Thanks for sharing!!


----------



## Thalie (Jan 20, 2008)

Trace, it is potential lunch, buddy. If not for you, for your people if you find a second one.


----------



## goldensrbest (Dec 20, 2007)

Brave boy, isn't he? Really cute.


----------



## GoldenCamper (Dec 21, 2009)

Loved the video  Oh how I miss that deep boy bark.

I probably would have cooked it up for the lad :curtain::


----------



## Gwen_Dandridge (Jul 14, 2012)

Well, he was right, it was definitely 'woofable'. You never know when these things will attack! 

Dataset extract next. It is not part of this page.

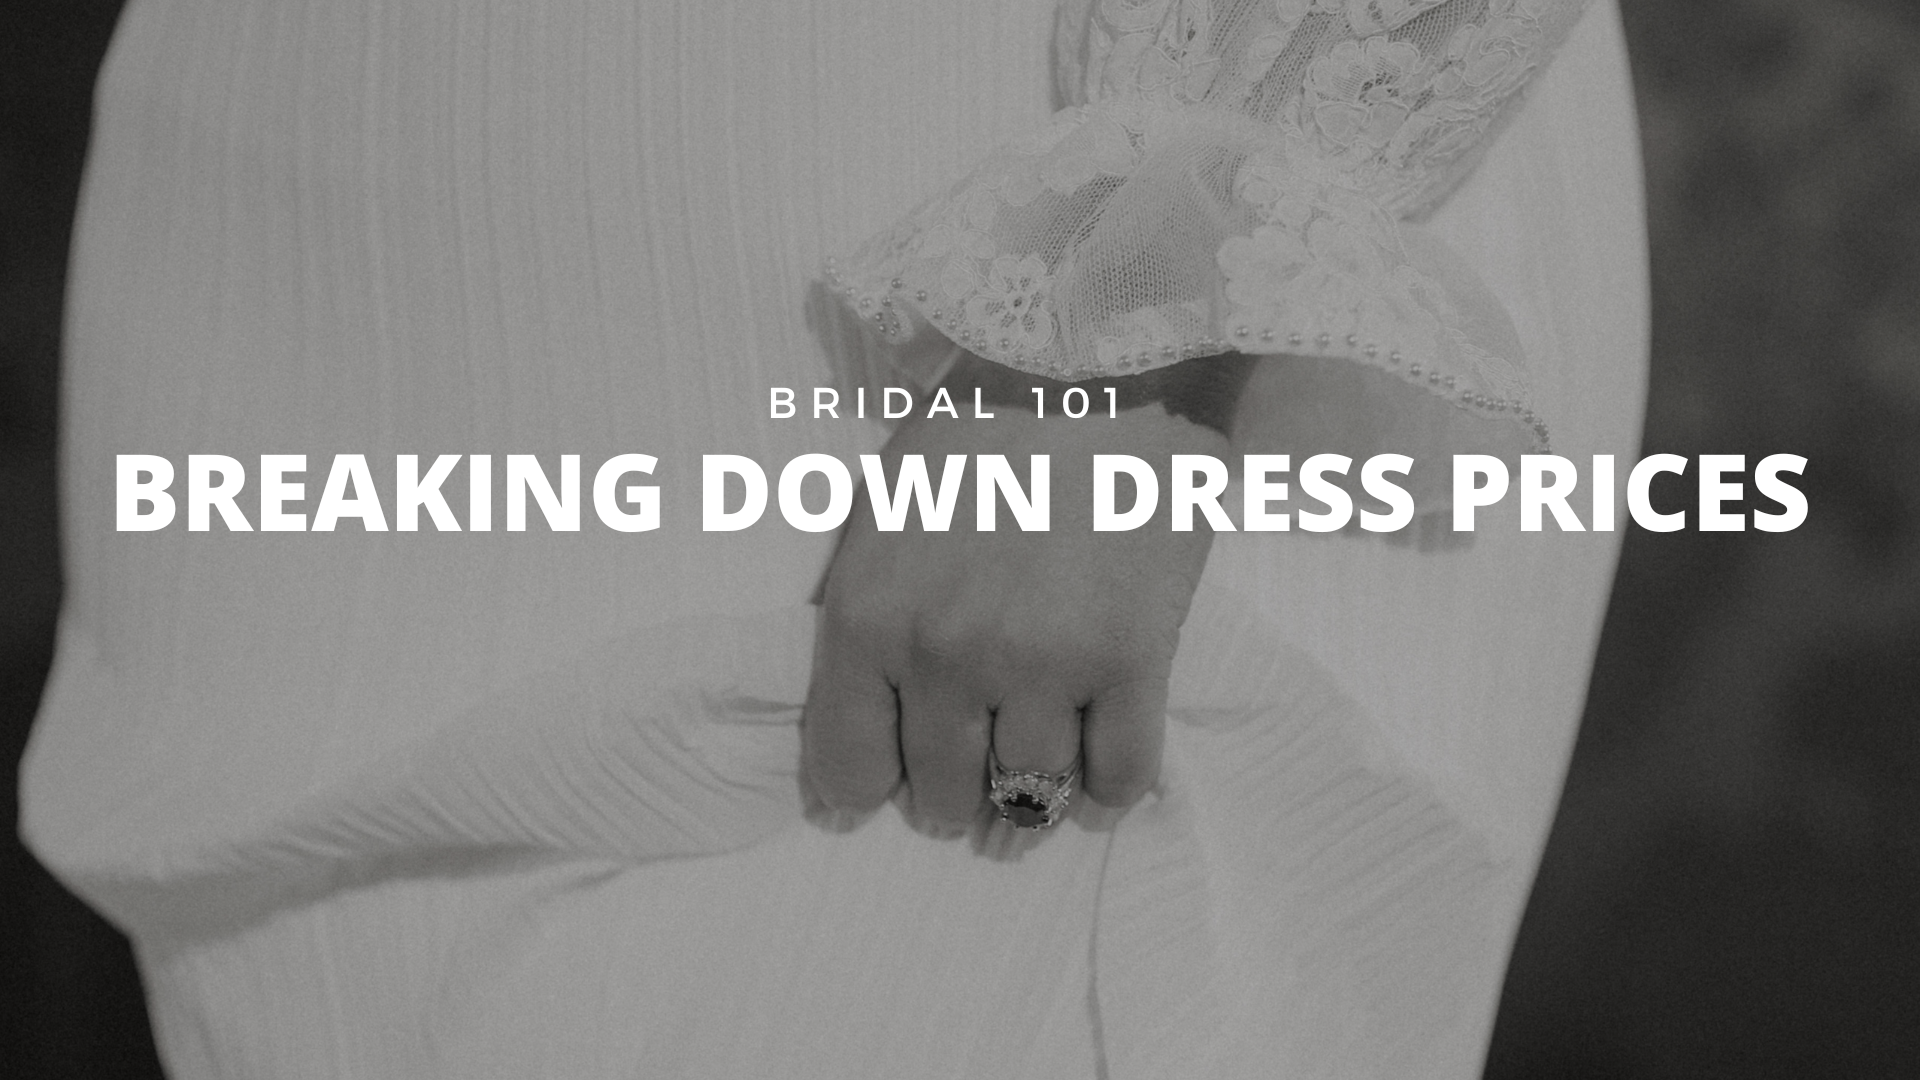 Breaking down wedding dress prices Image
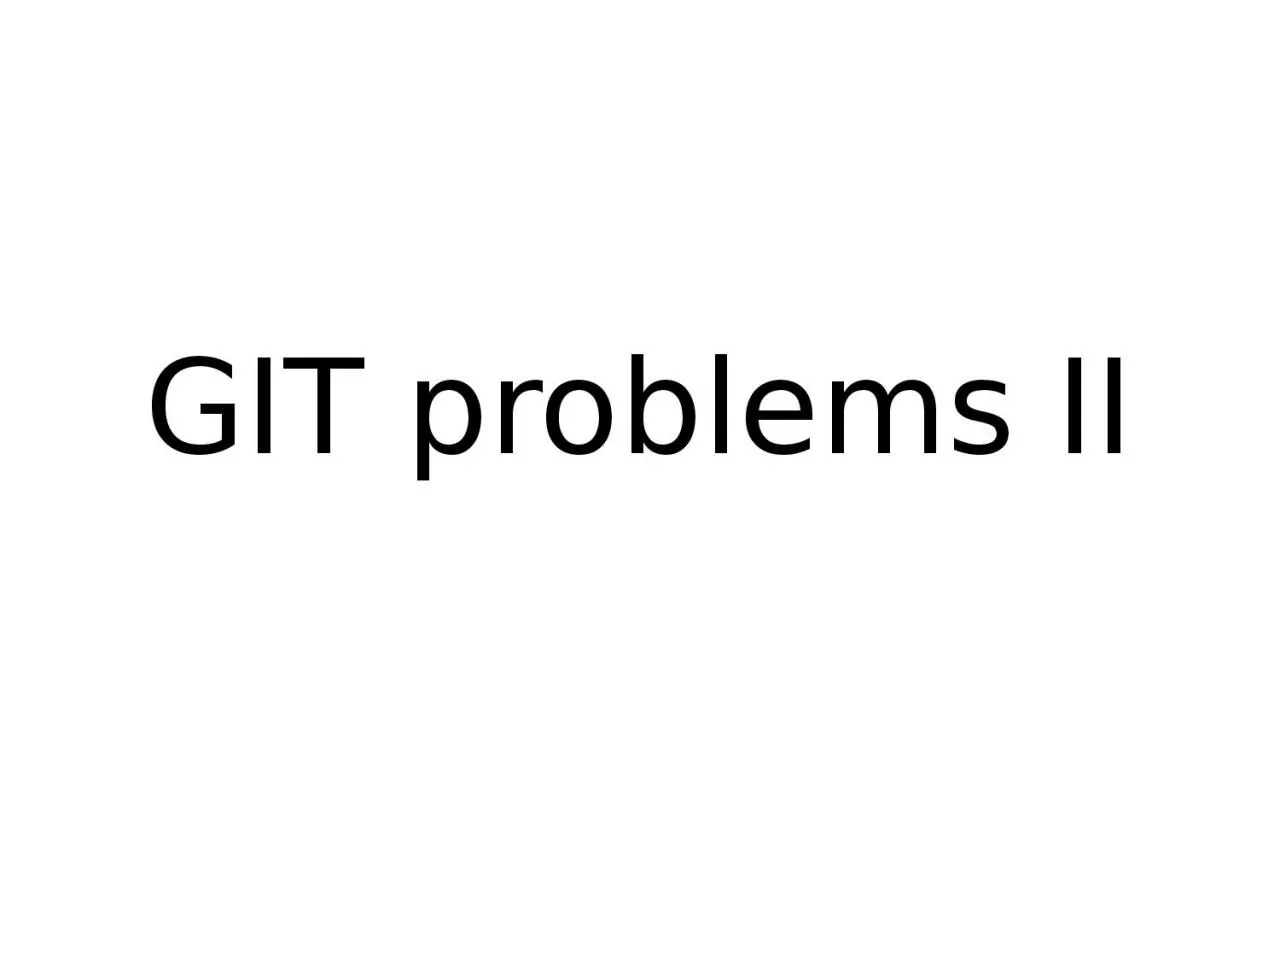 GIT problems II Hemorrhoids

Maddie's, as a small puppy, first reaction to finding a dead sparrow (she saw it before I did) was to grab it in her mouth and pretend like it never happened. I fortunately saw her quick movement and did a mouth cavity search. I wasn't pleased with what I pulled out.


----------



## Oaklys Dad (Dec 28, 2005)

LOL That is too funny. Stay low Tracer!


----------



## FeatherRiverSam (Aug 7, 2009)

Hmmm...bird dog? What's his reaction to squirrels? Cute video!

Pete & Woody


----------



## Helo's Mom (Oct 16, 2011)

What a great video! Tracer is a gorgeous dog!


----------



## Ljilly28 (Jan 22, 2008)

I have amused myself with this video all day. It is so funny bc Tracer is such a big strong boy about everything except for small wildlife type creatures- like the frog in my yard!


----------



## LibertyME (Jan 6, 2007)

LOL!! Exactly Jill... struts confidently through life unless it involves tiny life forms! 
He is so weirdly wonderful!


----------